Material provided:

..............................

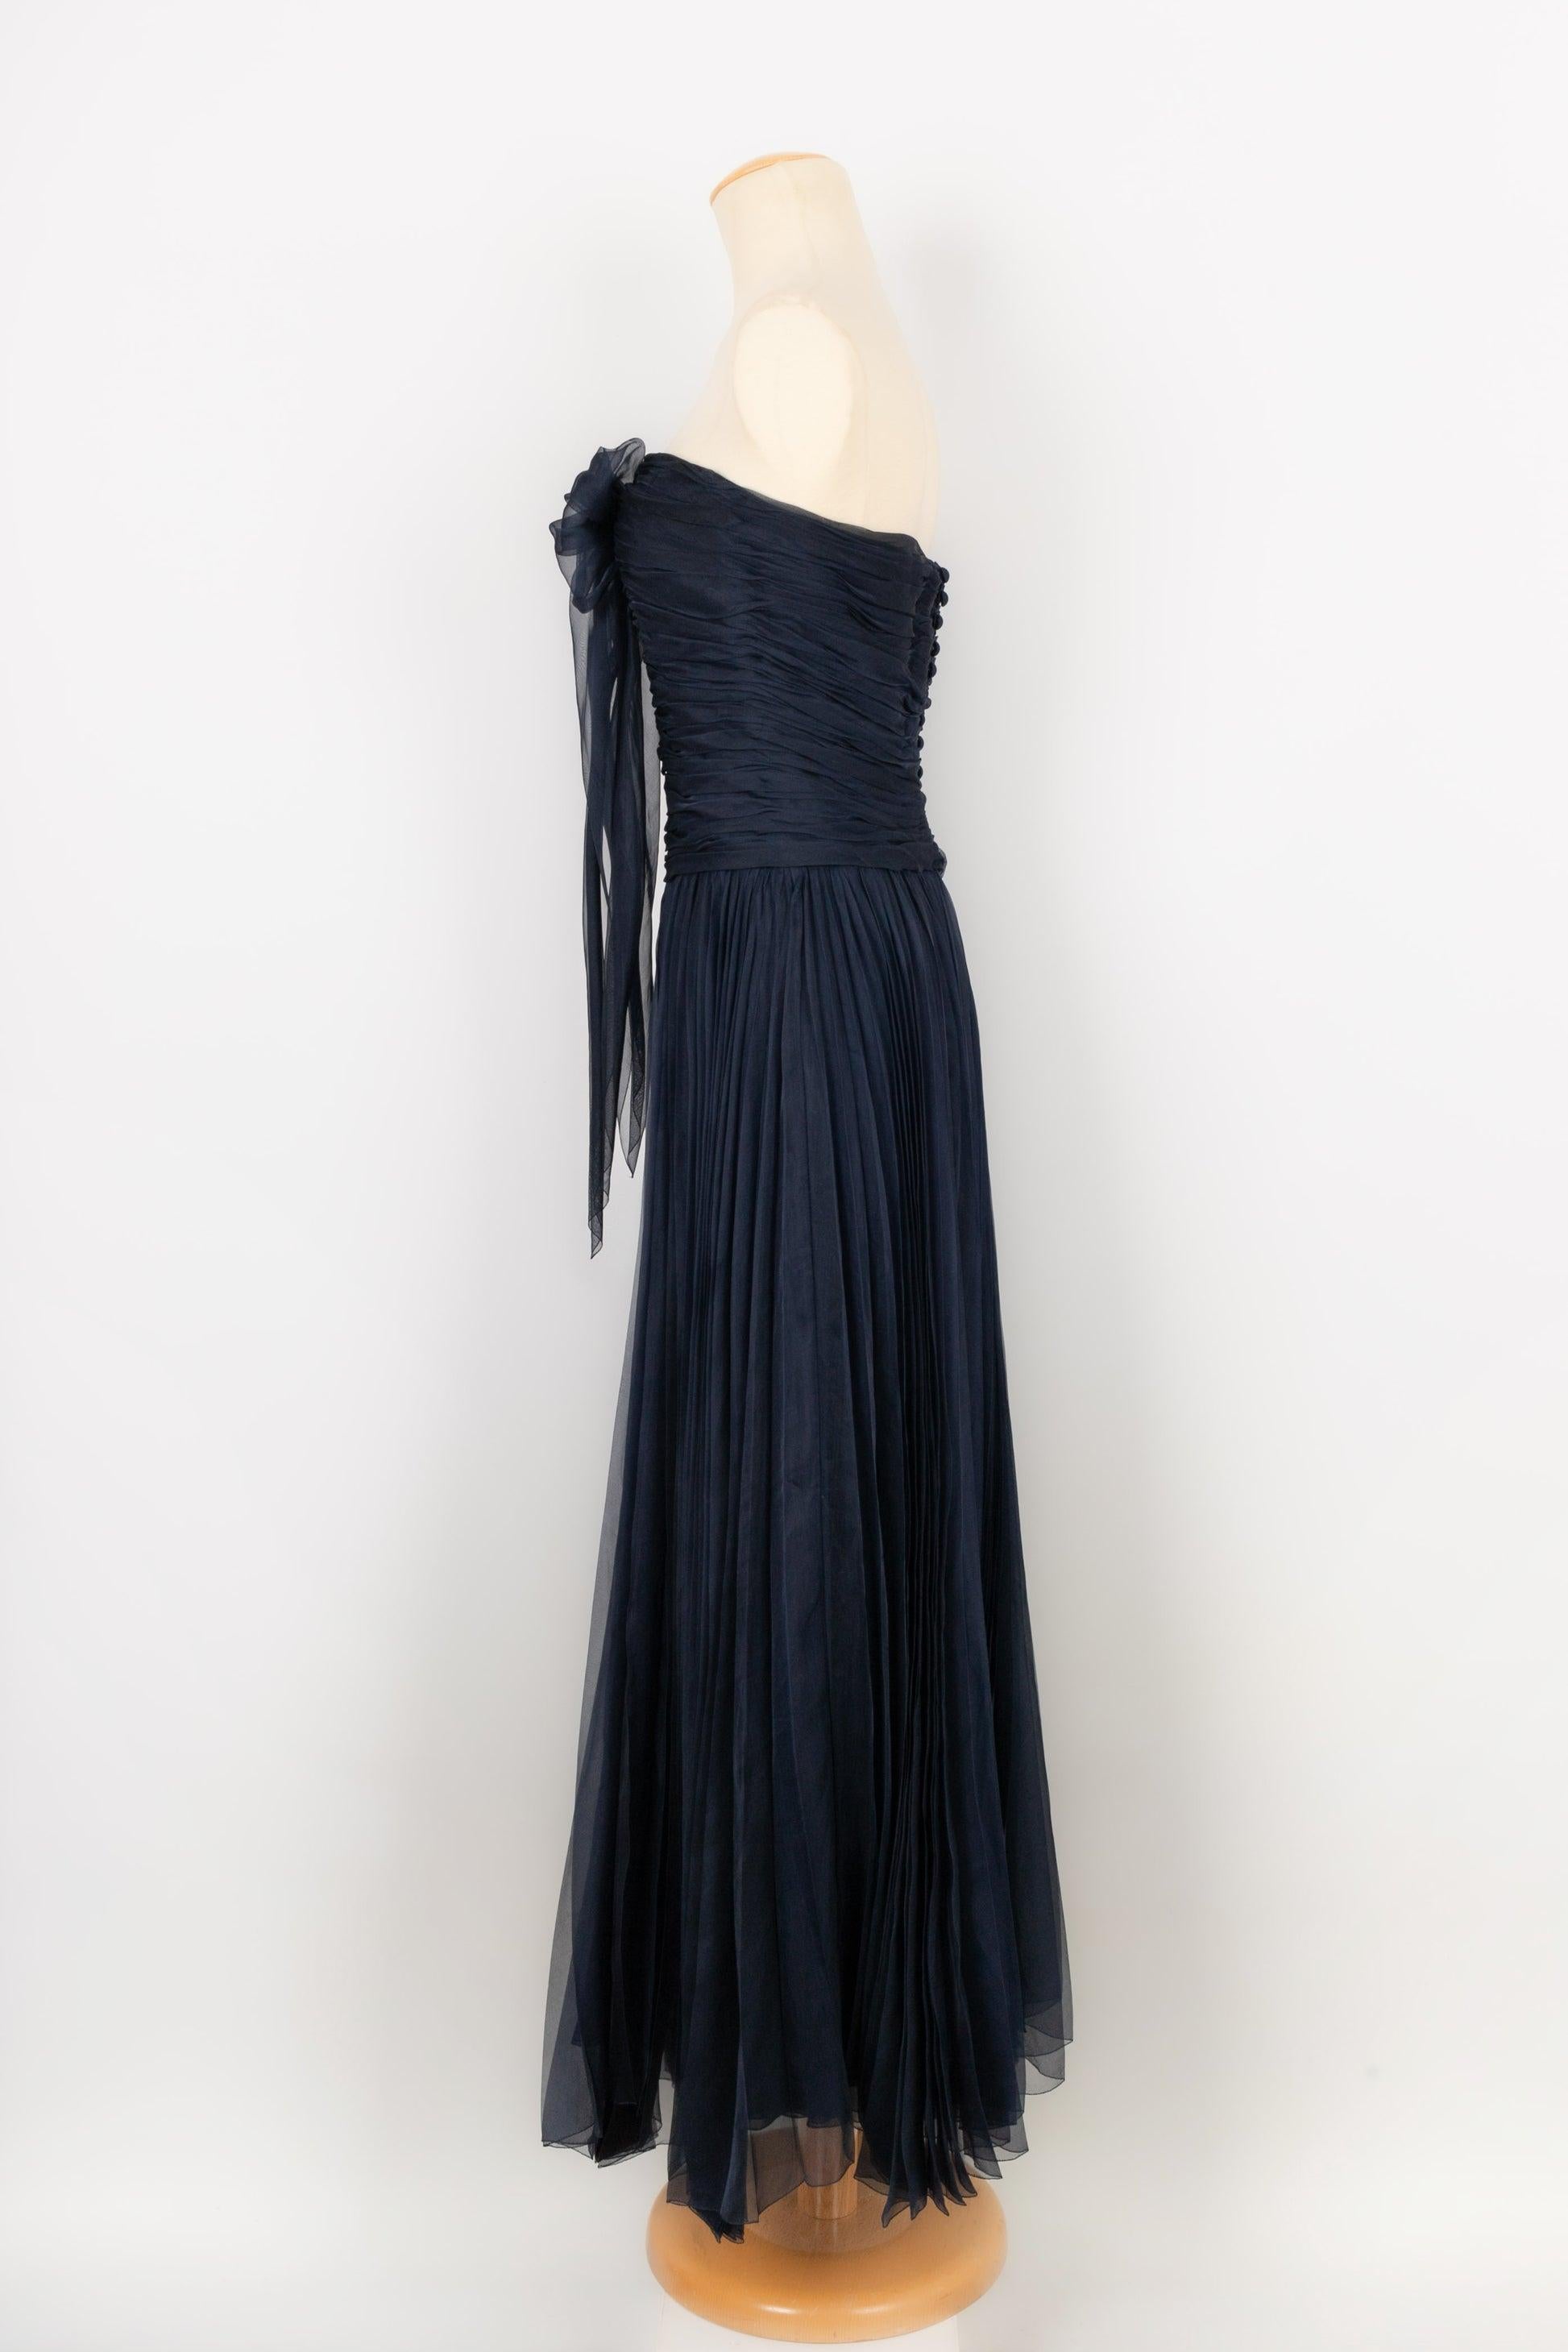 Women's Chanel Long Bustier Dress in Navy Blue Pleated Silk Taffeta
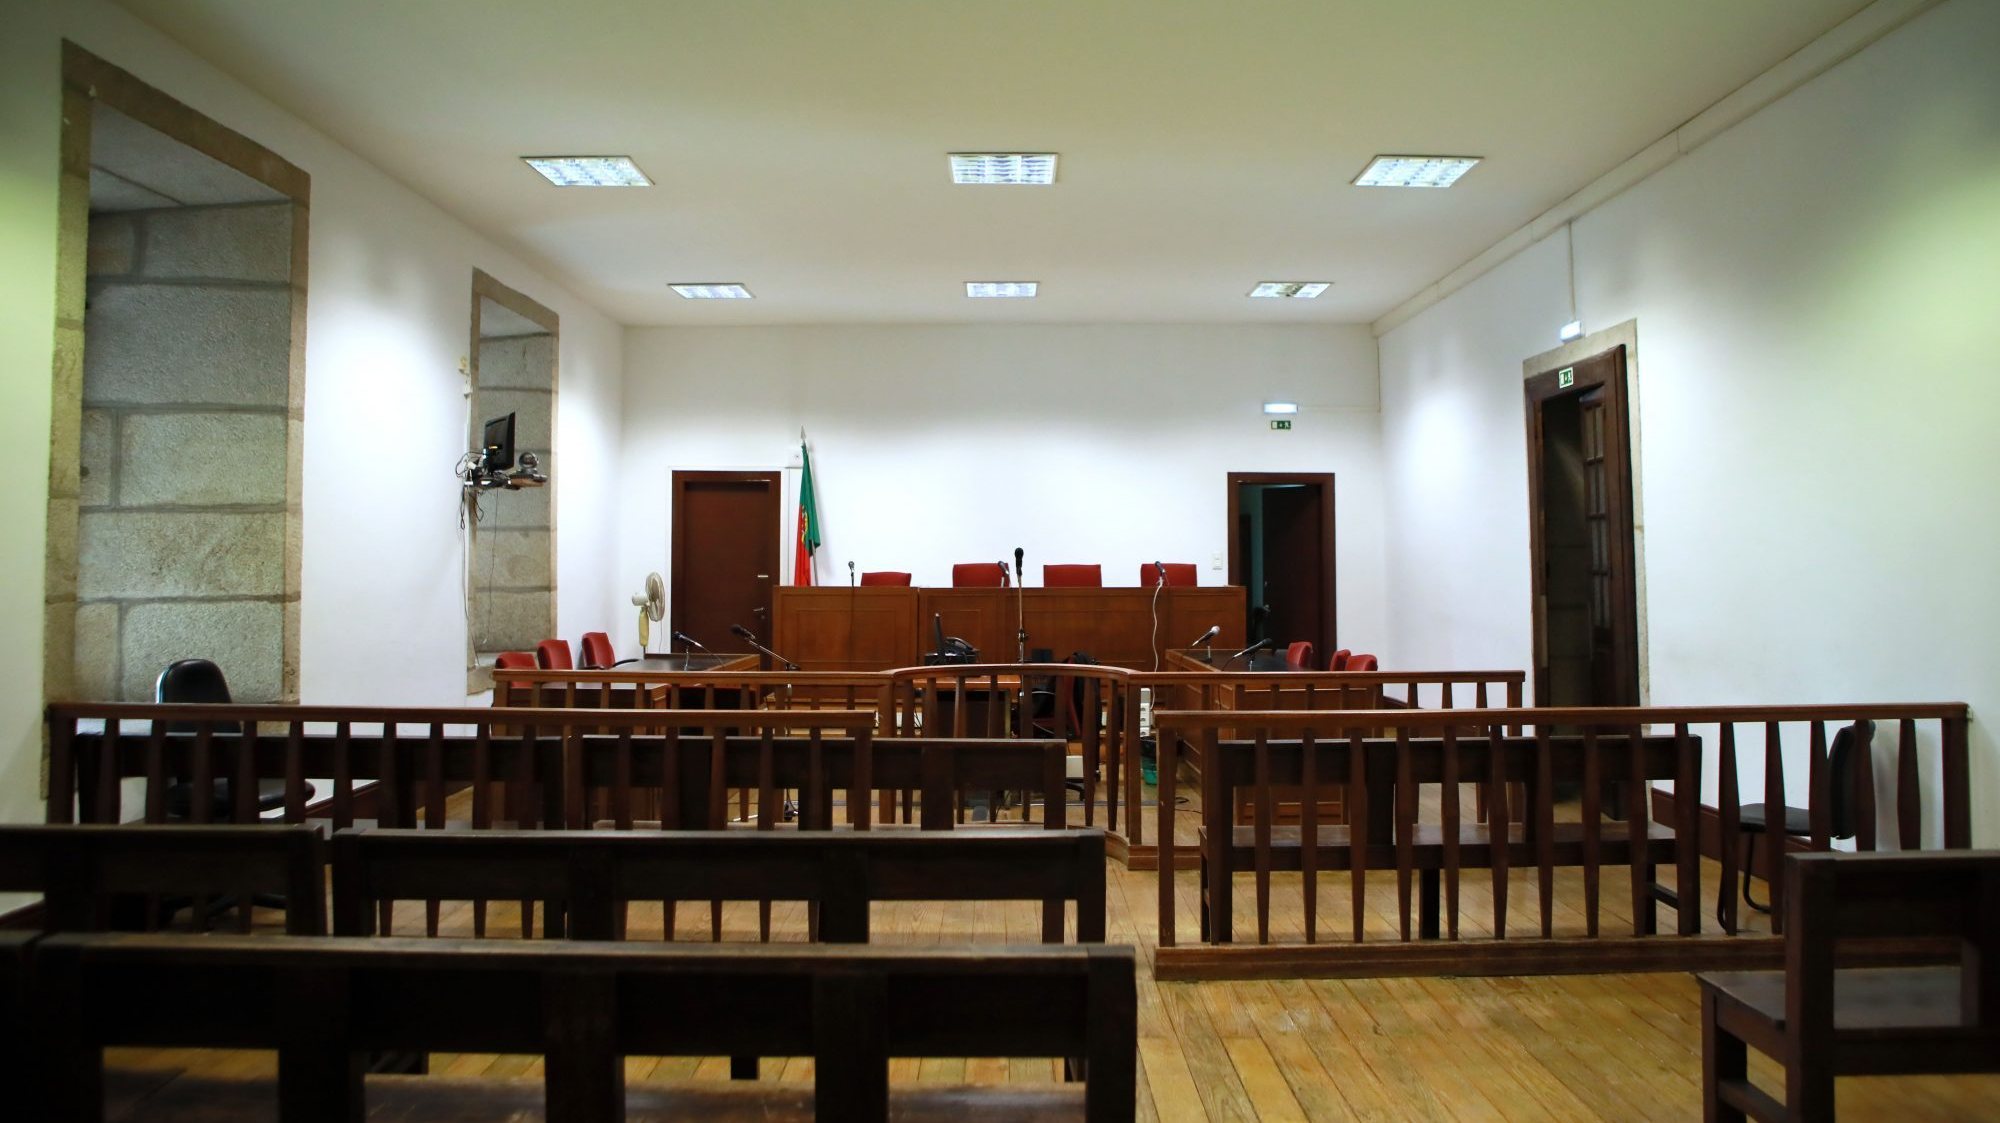 O julgamento decorreu no Tribunal de São João Novo, no Porto
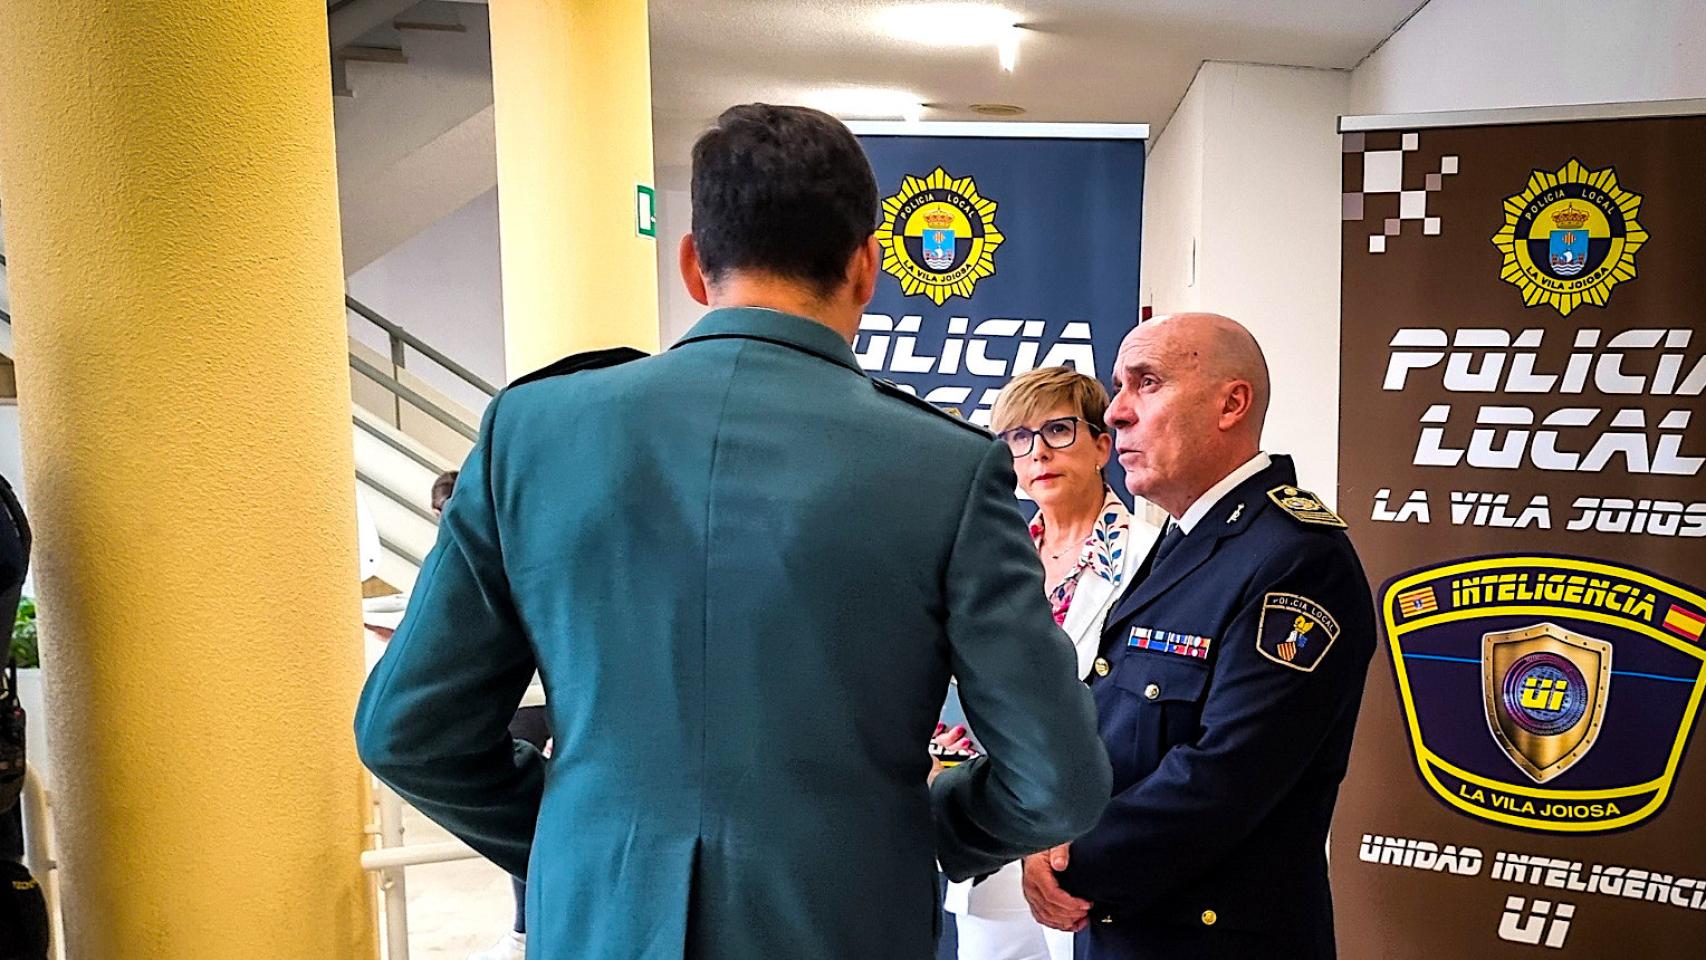 La concejala de Seguridad Isabel Perona y el intendente jefe José Álvarez atienden al comandante de la Guardia Civil que intervendrá en una ponencia.

..............................

Task directions: Set down again, exactly, the lines of the material above from its first line to the one with "O julgamento decorreu", inclusive. Leave the pictures out.

Task answer:
 Women's Chanel Long Bustier Dress in Navy Blue Pleated Silk Taffeta
 O julgamento decorreu no Tribunal de São João Novo, no Porto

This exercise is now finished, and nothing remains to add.